» **ASSIGNMENT**: In the material below, begin at the line that has "Modèle de brochure", stop after the line that has "Erbert and Gerbert’s Sandwich Shop", and transcribe those lines exactly, without pictures.

» **INFORMATION PROVIDED**:
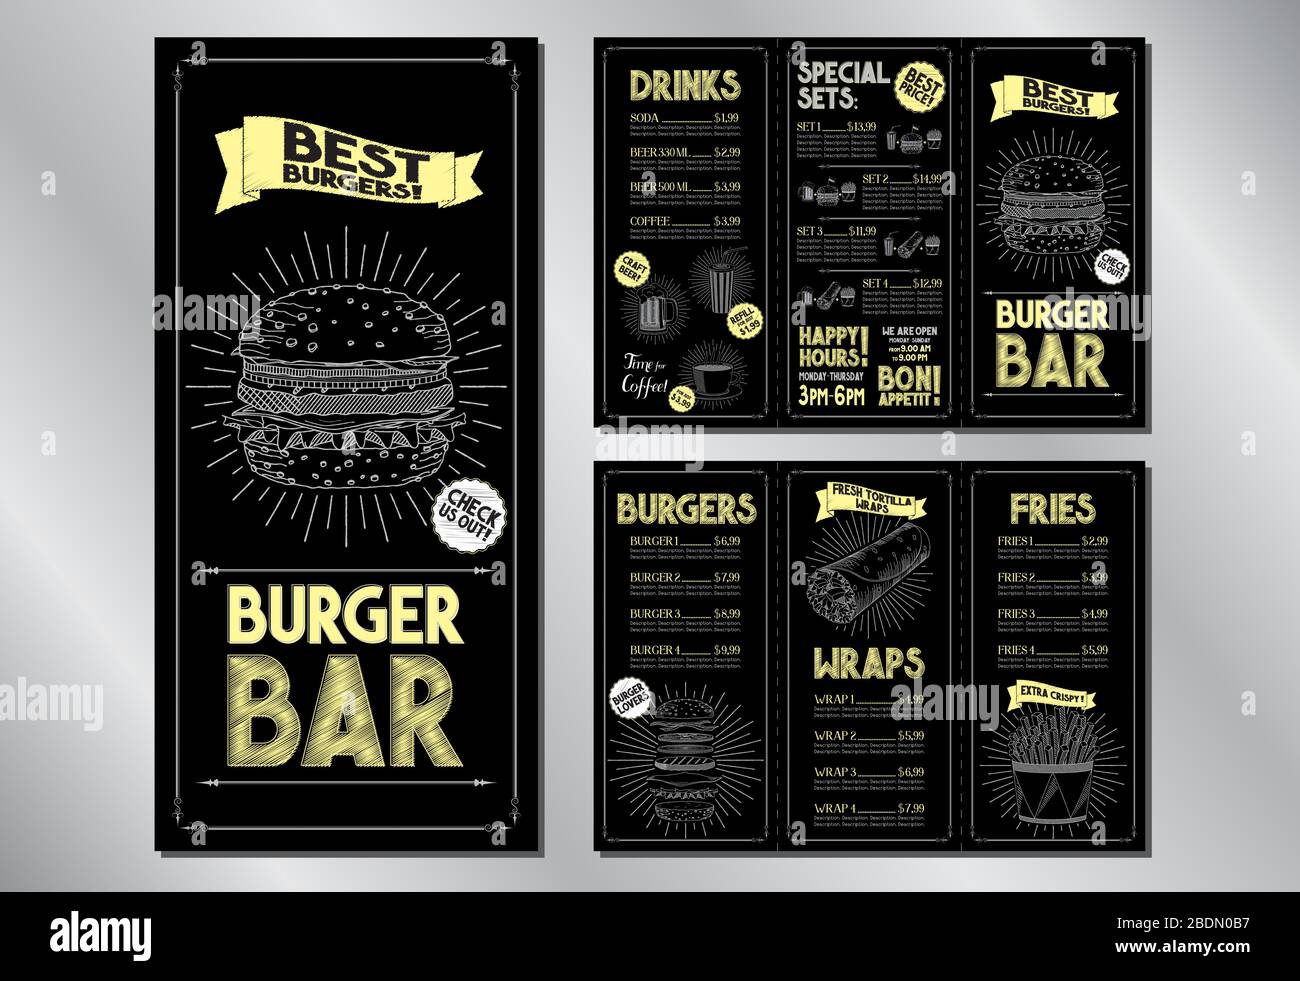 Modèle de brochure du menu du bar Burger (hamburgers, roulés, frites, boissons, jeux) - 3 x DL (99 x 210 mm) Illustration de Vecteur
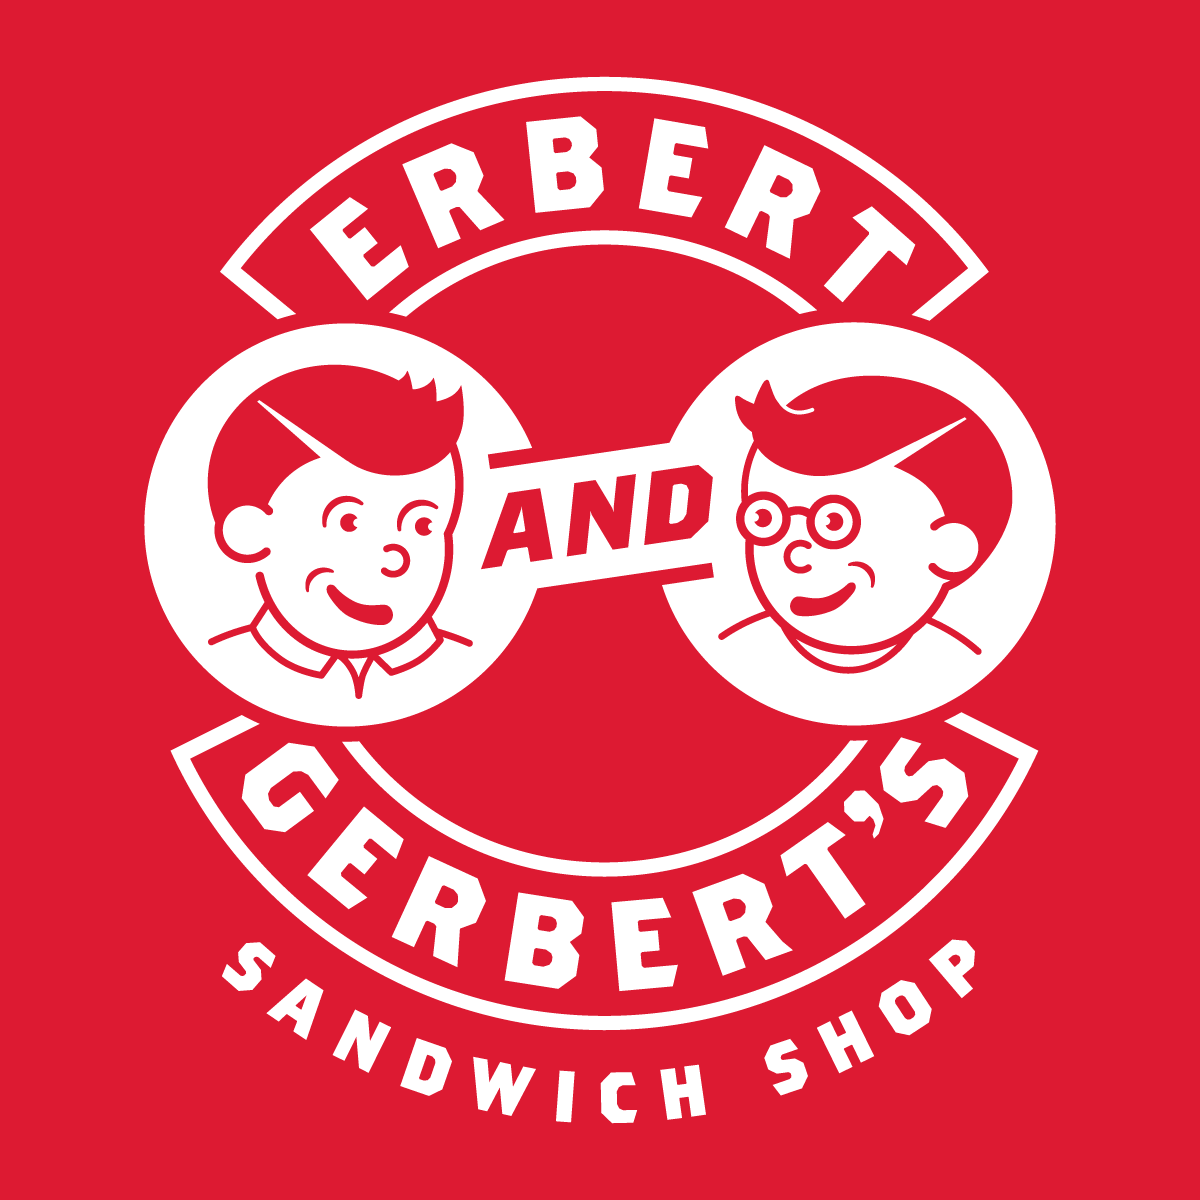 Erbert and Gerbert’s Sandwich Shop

...

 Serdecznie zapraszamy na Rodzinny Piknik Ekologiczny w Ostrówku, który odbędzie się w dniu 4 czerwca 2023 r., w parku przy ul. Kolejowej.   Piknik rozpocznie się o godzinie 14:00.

» **ANSWER**:
 Modèle de brochure du menu du bar Burger (hamburgers, roulés, frites, boissons, jeux) - 3 x DL (99 x 210 mm) Illustration de Vecteur
 Erbert and Gerbert’s Sandwich Shop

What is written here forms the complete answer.